- [PROBLEM TO WORK ON]: All of the data below should be set down again verbatim, without any images.

--- DATA EXTRACT Enclosed Below ---

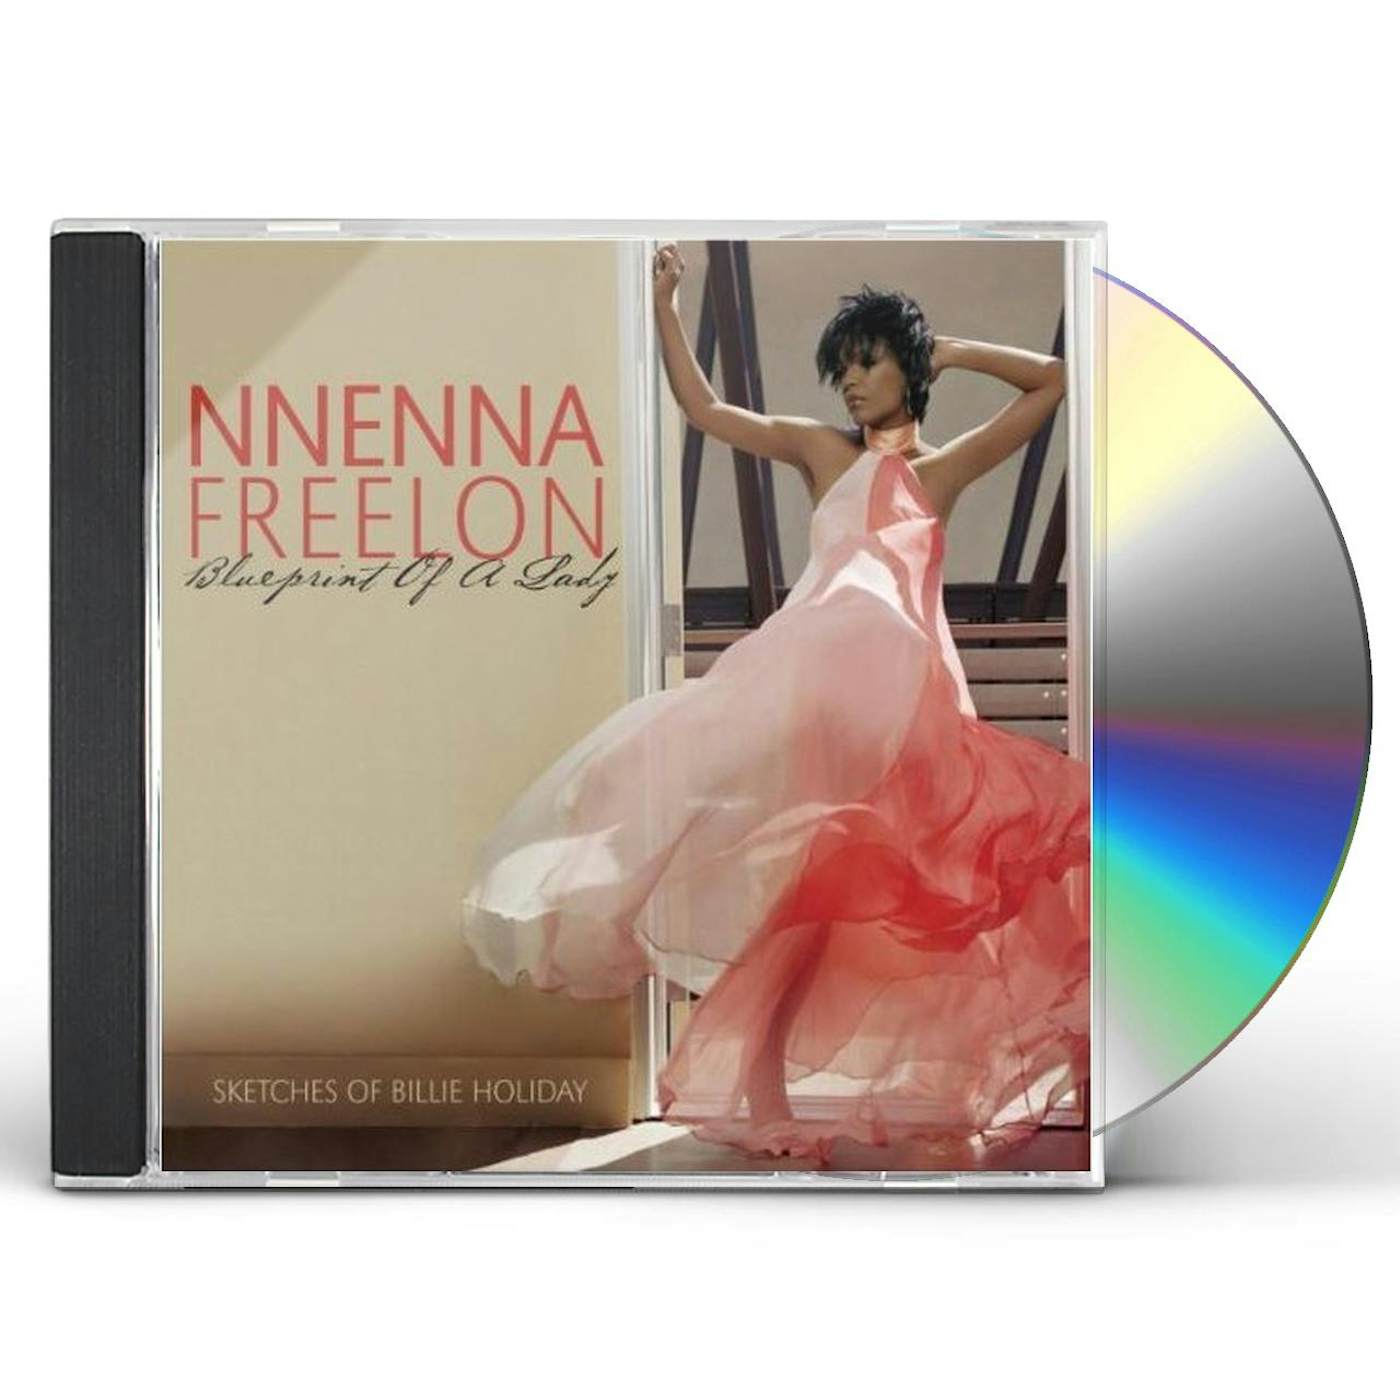 Nnenna Freelon BLUEPRINT OF A LADY: SKETCHES OF BILLIE HOLIDAY CD
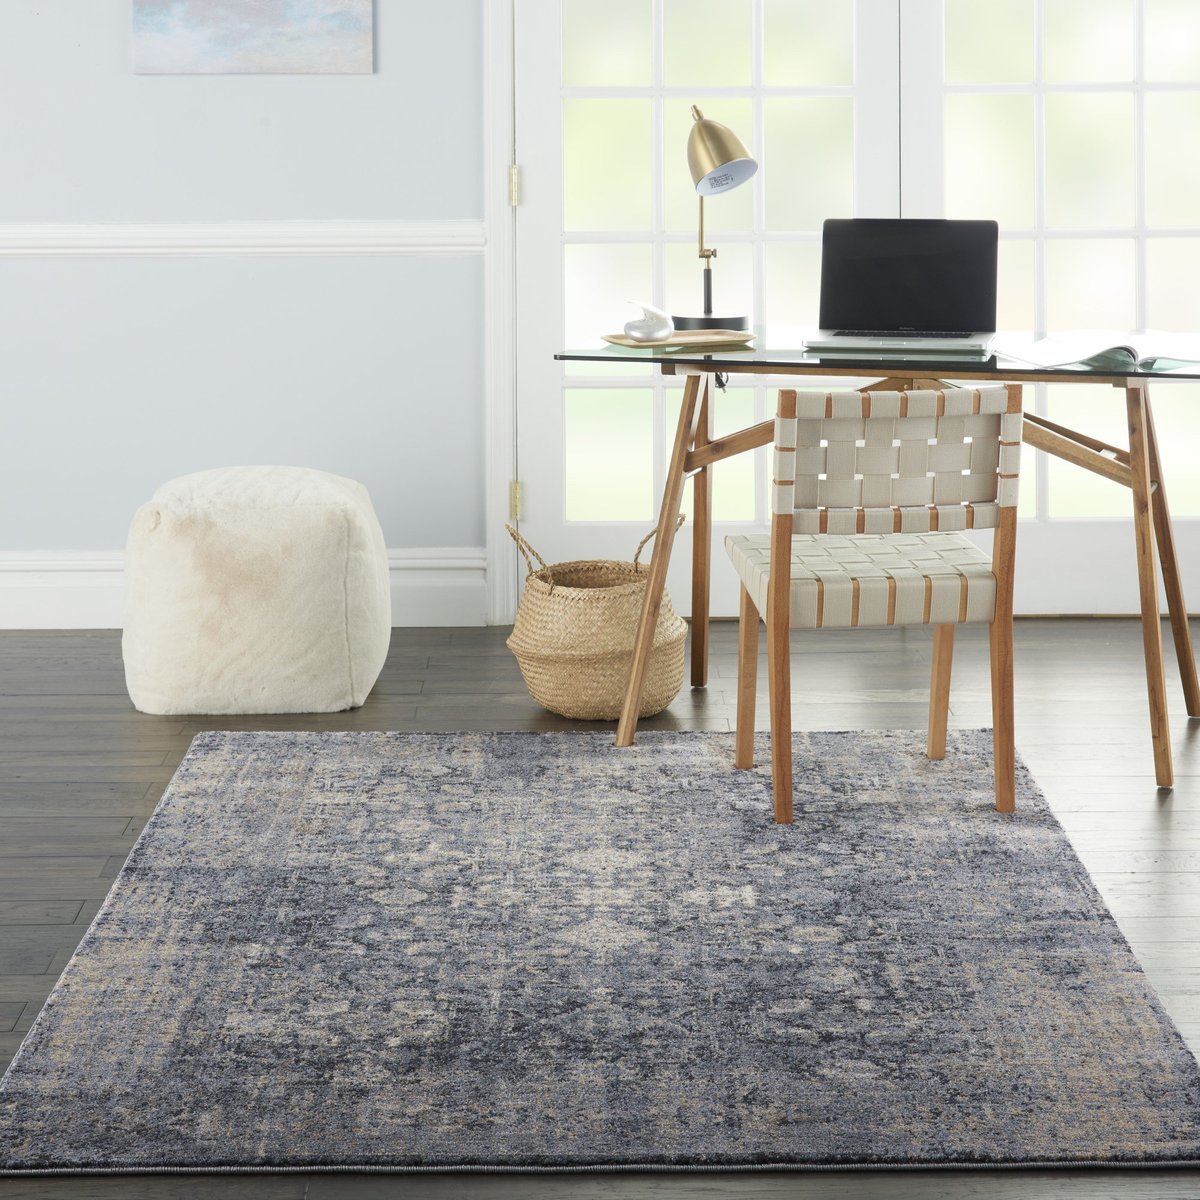 Timeless Appeal Office Rug Ideas
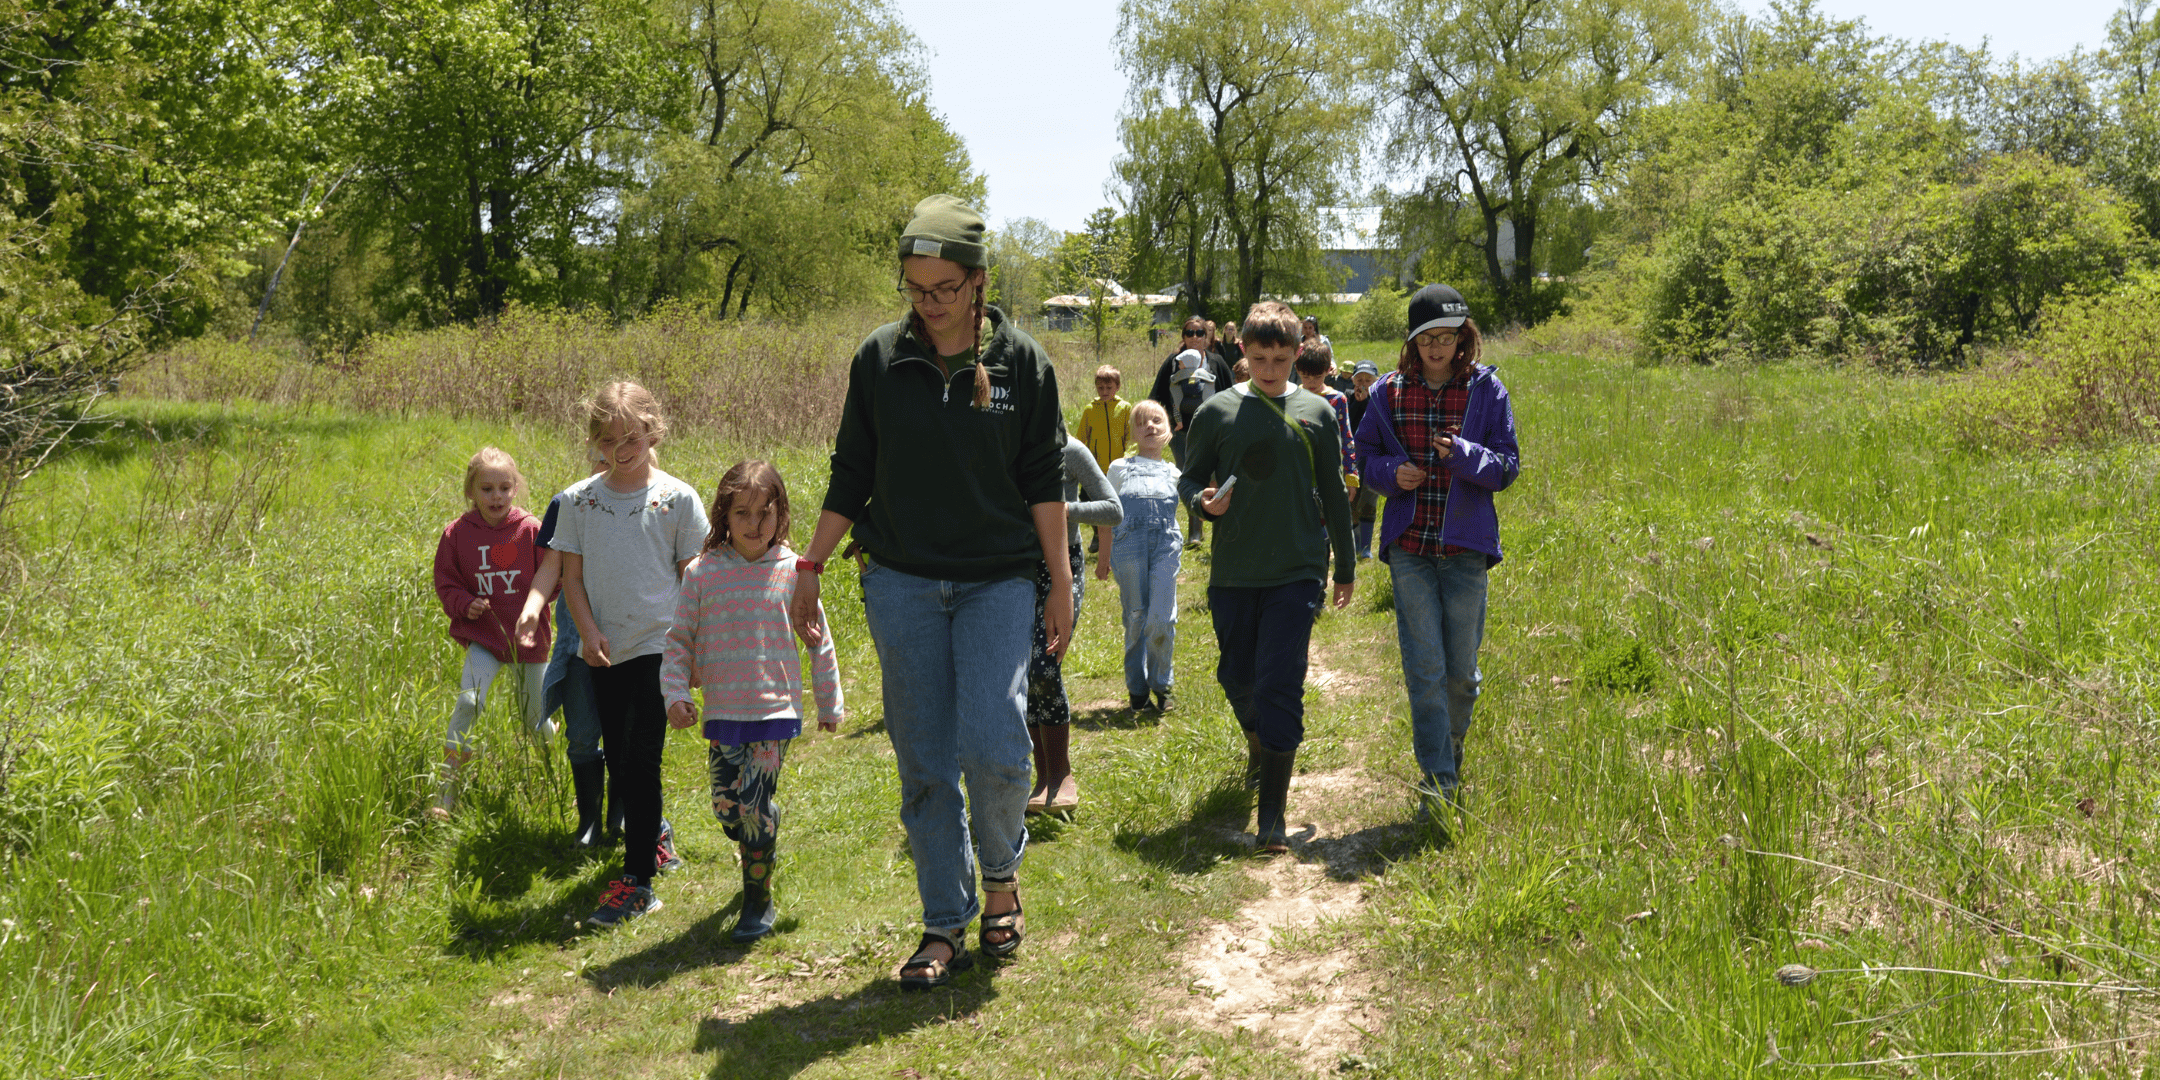 Jacoba, Program Coordinator, leading a group of children on a walk in the field.
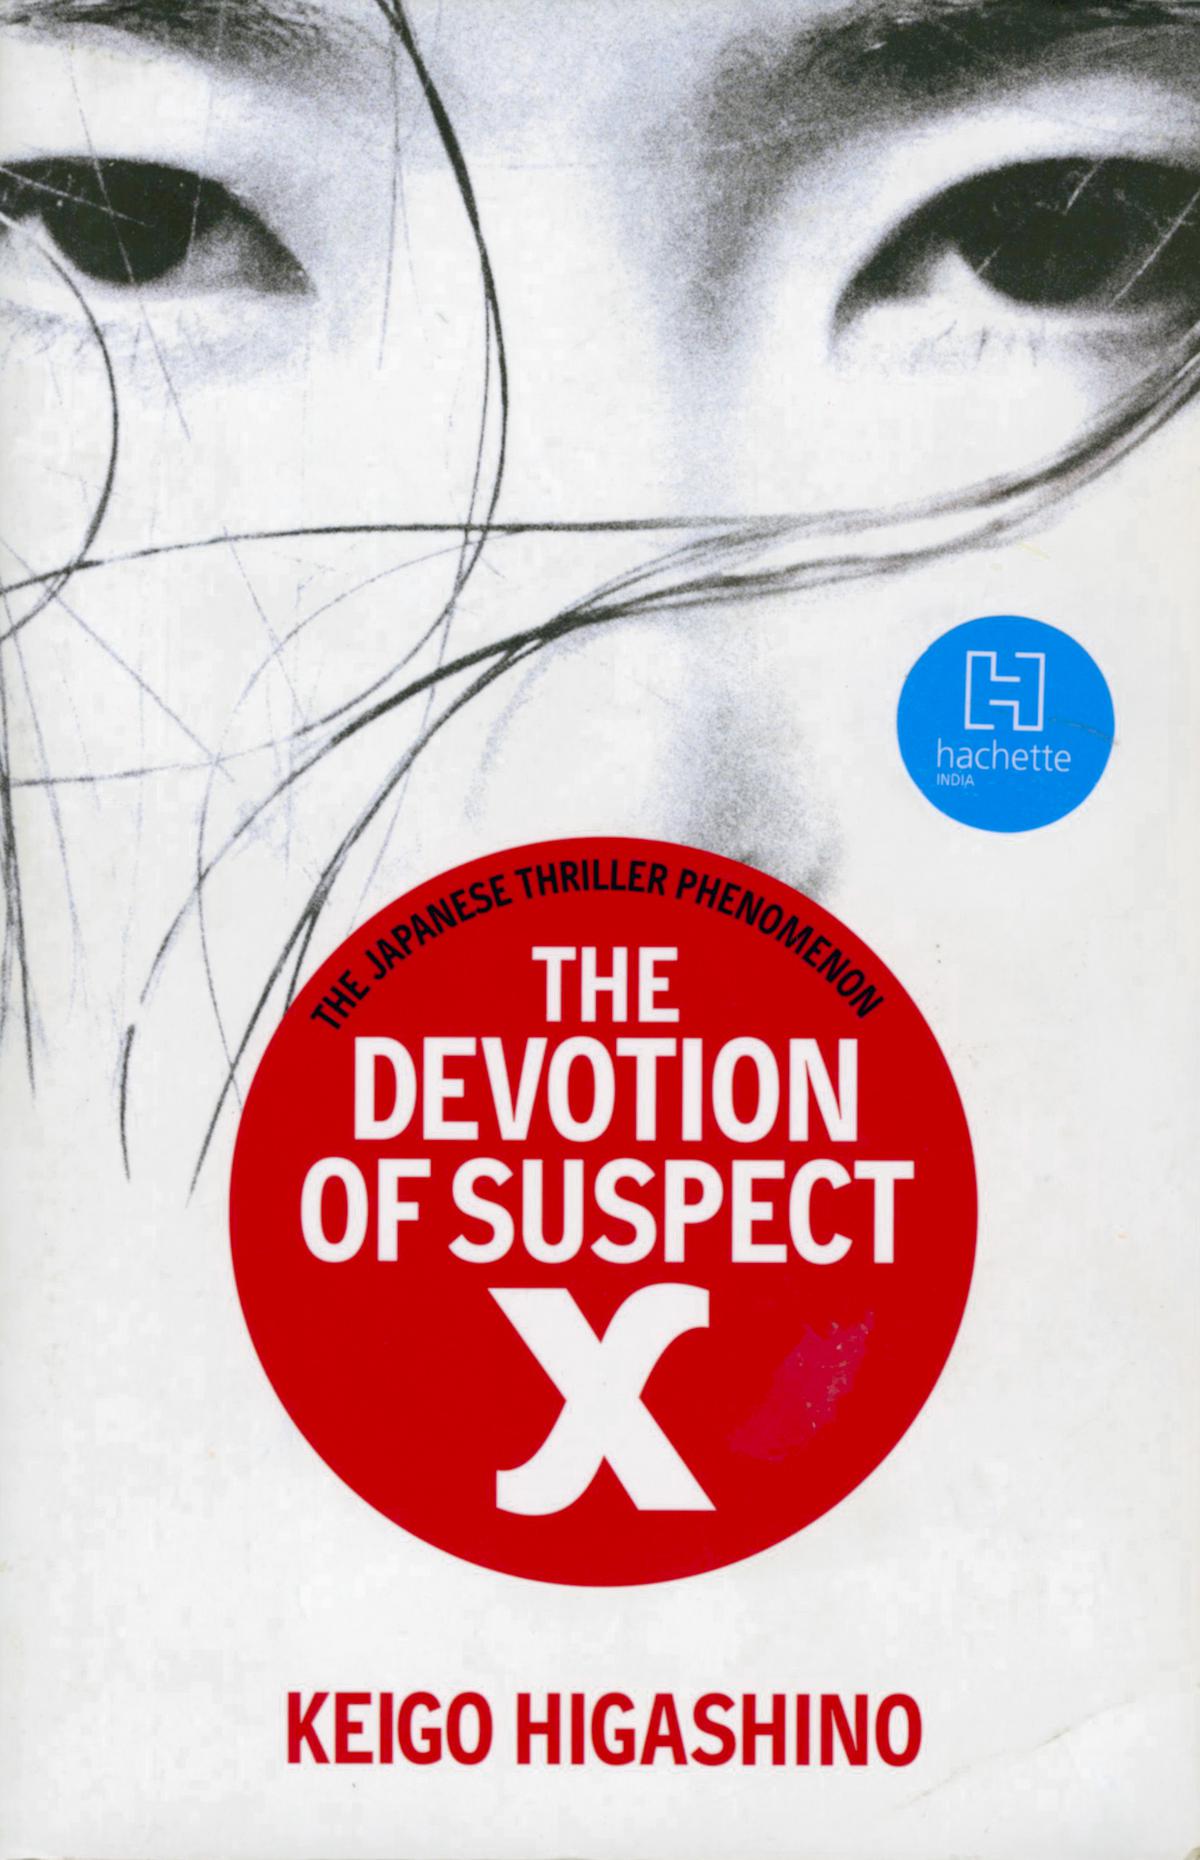 Keigo Higashino's Japanese thriller The Devotion of Suspect X is widely believed to be the inspiration for the Drishyam films.

--- End of Enclosed DATA EXTRACT ---

- [WRITTEN ANSWER]:
 Nnenna Freelon BLUEPRINT OF A LADY: SKETCHES OF BILLIE HOLIDAY CD
 Timeless Appeal Office Rug Ideas
 Jacoba, Program Coordinator, leading a group of children on a walk in the field.
 Keigo Higashino's Japanese thriller The Devotion of Suspect X is widely believed to be the inspiration for the Drishyam films.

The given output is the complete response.